Aktor ancaman yang dikenal sebagai Space Pirates telah dikaitkan dengan kampanye berbahaya yang menargetkan organisasi Teknologi Informasi Rusia (TI) dengan malware yang sebelumnya tidak berdokumen yang disebut Agen Luckystrike.
Kegiatan ini terdeteksi pada November 2024 oleh Solar, lengan keamanan siber perusahaan telekomunikasi negara Rusia Rostelecom. Ini melacak aktivitas dengan nama erudite Mogwai.
Serangan-serangan itu juga ditandai dengan penggunaan alat-alat lain seperti DEED Rat, juga disebut Shadowpad Light, dan versi khusus dari utilitas proxy bernama Stowaway, yang sebelumnya telah digunakan oleh grup peretasan terkait-Cina lainnya.
“Erudite Mogwai adalah salah satu kelompok APT aktif yang berspesialisasi dalam pencurian informasi dan spionase rahasia,” kata peneliti tenaga surya. “Sejak setidaknya 2017, kelompok ini telah menyerang lembaga pemerintah, departemen TI dari berbagai organisasi, serta perusahaan yang terkait dengan industri berteknologi tinggi seperti kedirgantaraan dan tenaga listrik.”
Aktor ancaman pertama kali didokumentasikan secara publik oleh teknologi positif pada tahun 2022, merinci penggunaan eksklusif malware tikus akta. Grup ini diyakini berbagi tumpang tindih taktis dengan grup peretasan lain yang disebut Webworm. Ia diketahui menargetkan organisasi di Rusia, Georgia, dan Mongolia.
Dalam salah satu serangan yang menargetkan pelanggan sektor pemerintah, Solar mengatakan menemukan penyerang mengerahkan berbagai alat untuk memfasilitasi pengintaian, sementara juga menjatuhkan agen Luckystrike, sebuah backdoor .NET multi-fungsional yang menggunakan Microsoft OneDrive untuk komando-dan-kontrol (C2).

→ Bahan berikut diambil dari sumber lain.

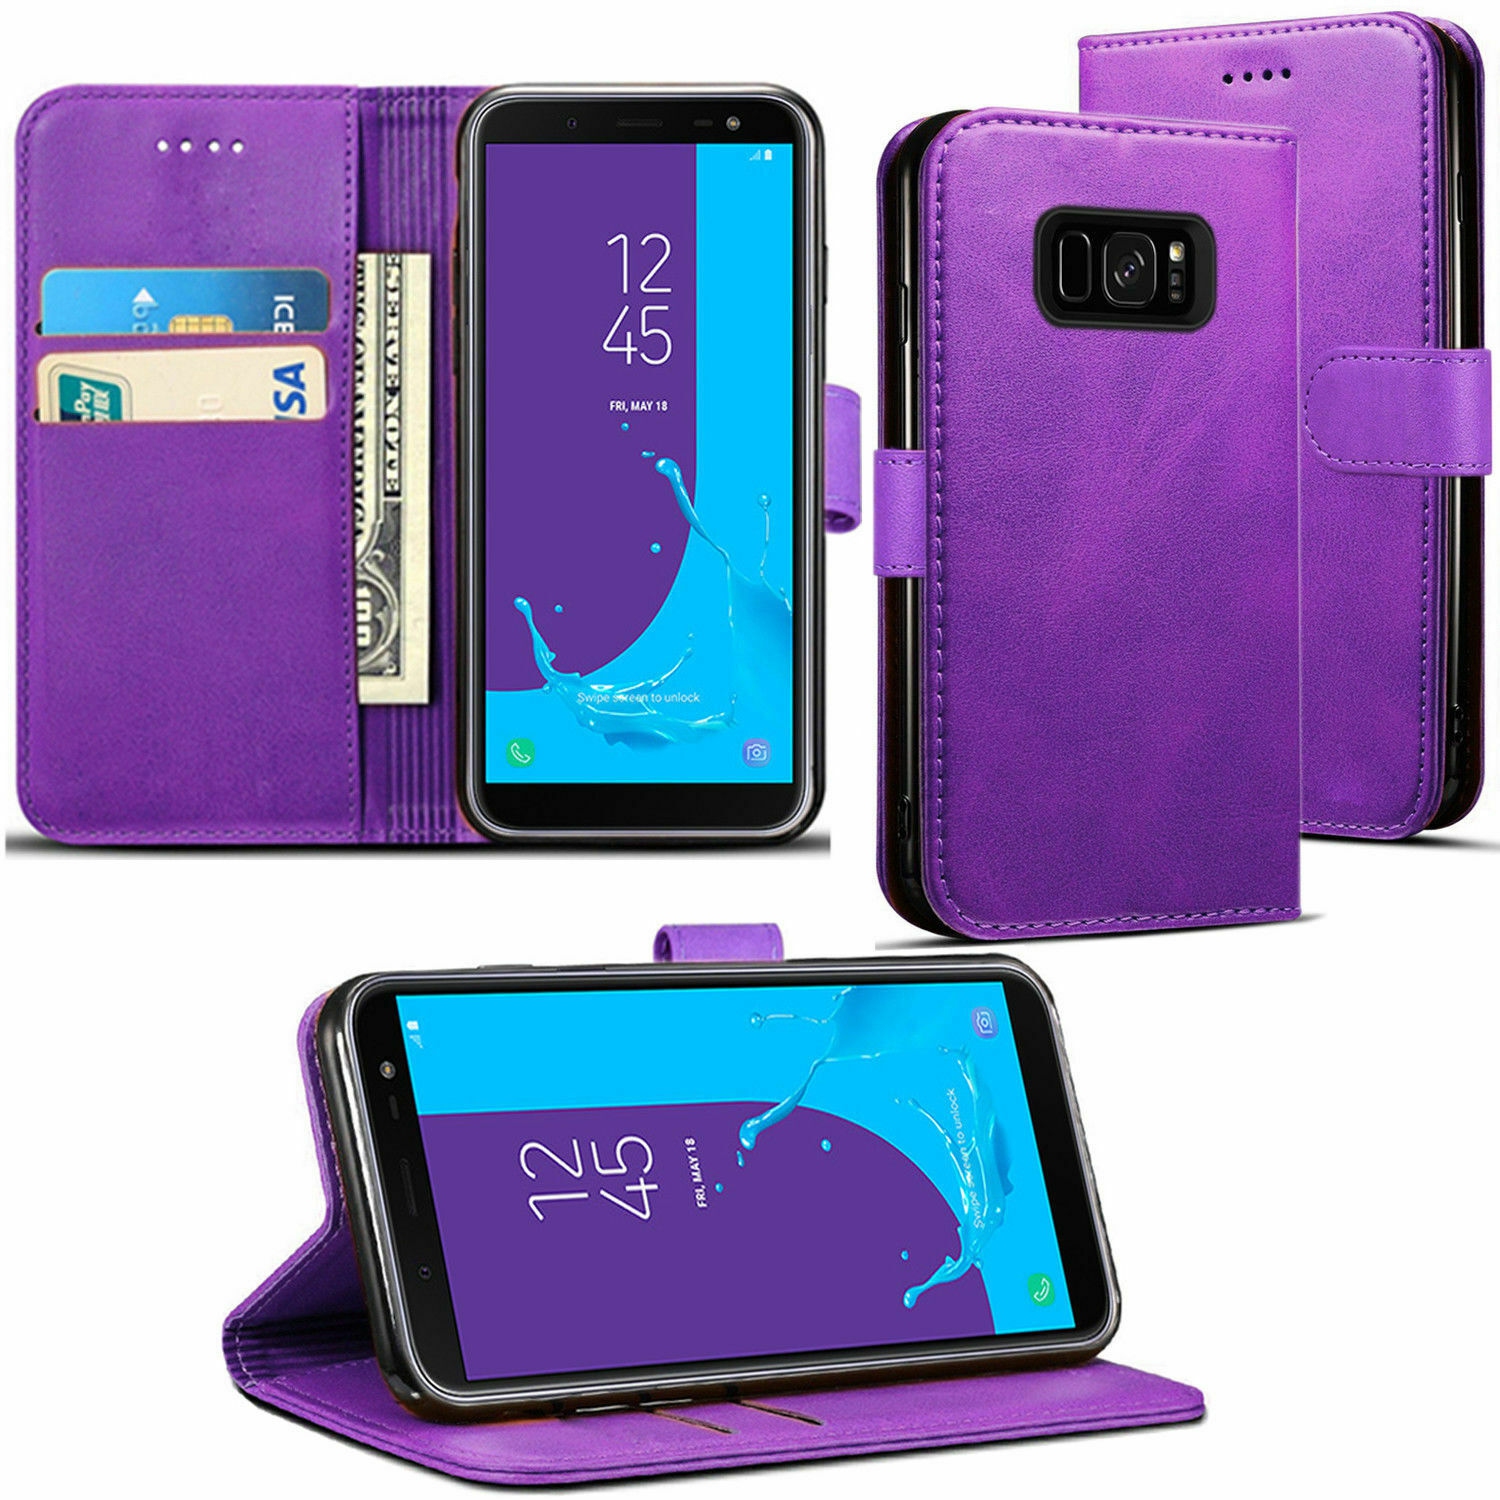 【CSmart】 Magnetic Card Slot Leather Folio Wallet Flip Case Cover for Samsung Galaxy S8 Plus, Purple

“Para penyerang memperoleh akses ke infrastruktur dengan mengkompromikan layanan web yang dapat diakses publik selambat-lambatnya Maret 2023, dan kemudian mulai mencari 'buah rendah' dalam infrastruktur,” kata Solar. “Selama 19 bulan, para penyerang perlahan -lahan menyebar ke seluruh sistem pelanggan sampai mereka mencapai segmen jaringan yang terhubung dengan pemantauan pada November 2024.”

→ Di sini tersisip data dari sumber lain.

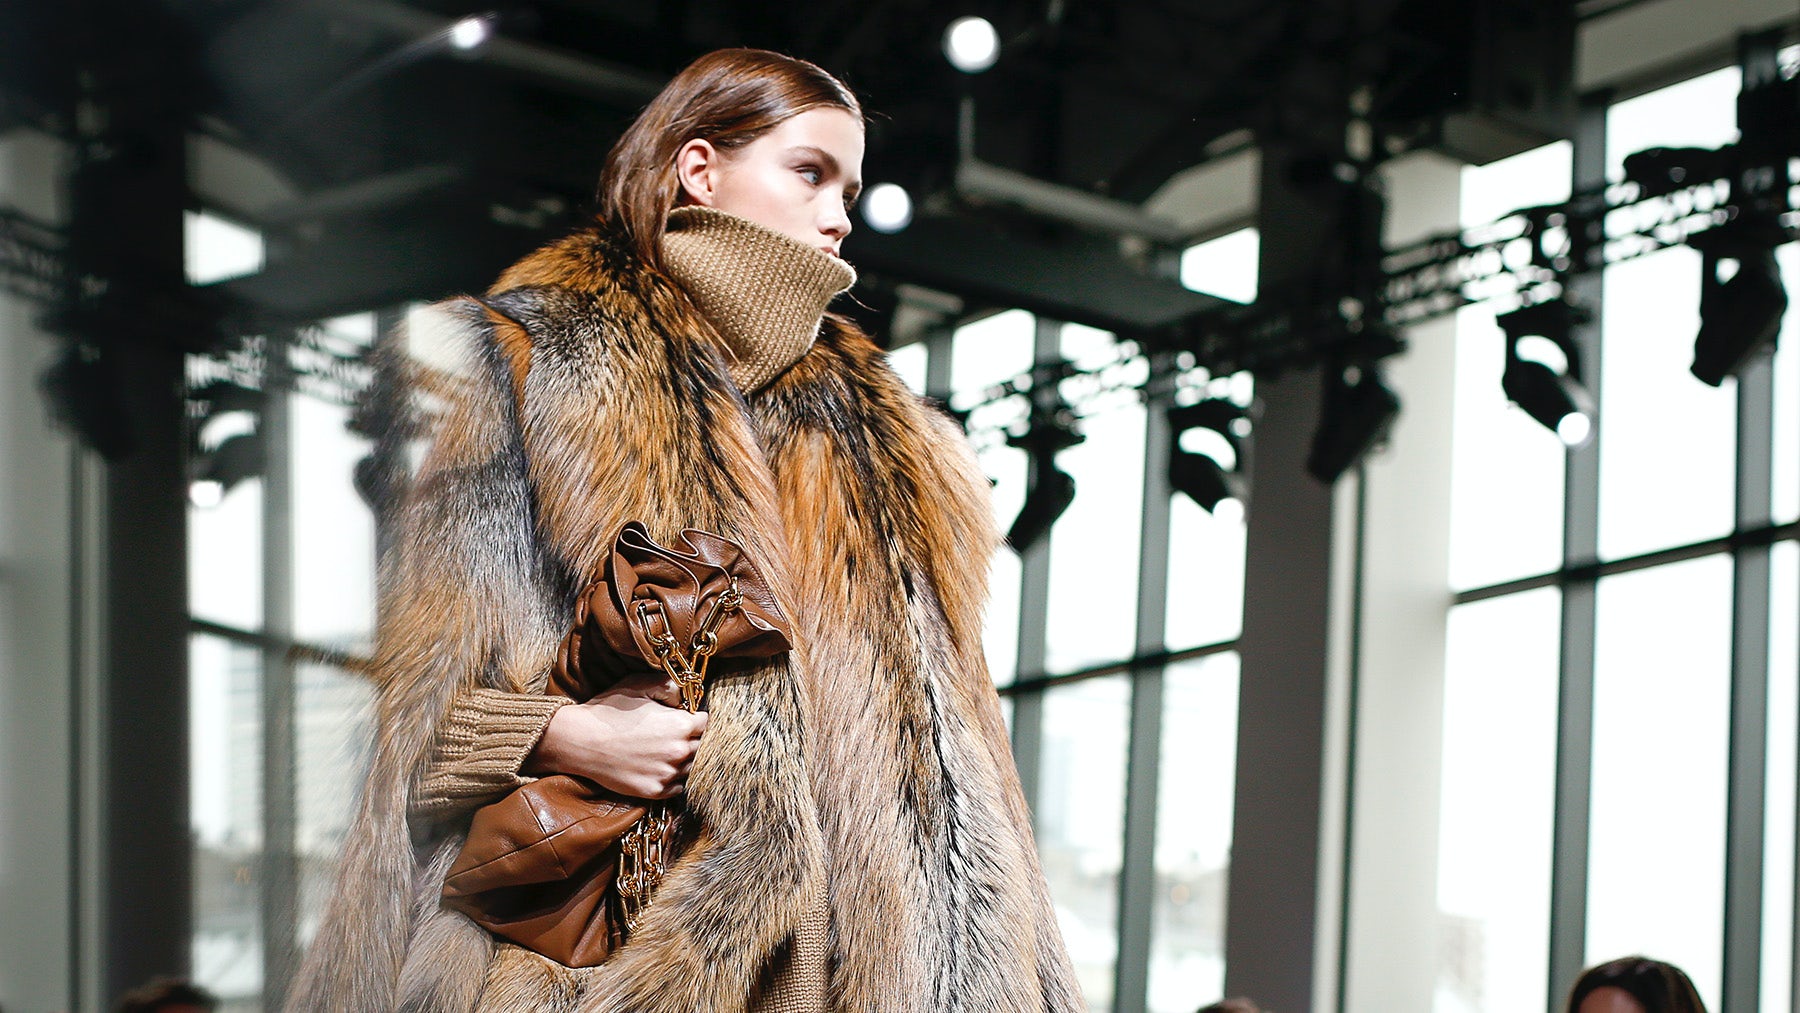 Michael Kors Commits to Going Fur-Free in 2018 | BoF

Yang juga perlu diperhatikan adalah penggunaan versi StuWAWY yang dimodifikasi untuk mempertahankan hanya fungsionalitas proxy -nya, di samping menggunakan LZ4 sebagai algoritma kompresi, menggabungkan XXTEA sebagai algoritma enkripsi, dan menambahkan dukungan untuk protokol transport quic.
“Mogwai yang terpelajar memulai perjalanan mereka dalam memodifikasi utilitas ini dengan mengurangi fungsionalitas yang tidak mereka butuhkan,” kata Solar. “Mereka melanjutkan dengan suntingan kecil, seperti mengganti nama fungsi dan mengubah ukuran struktur (mungkin untuk merobohkan tanda-tanda deteksi yang ada). Saat ini, versi Siswaway yang digunakan oleh grup ini dapat disebut garpu penuh.”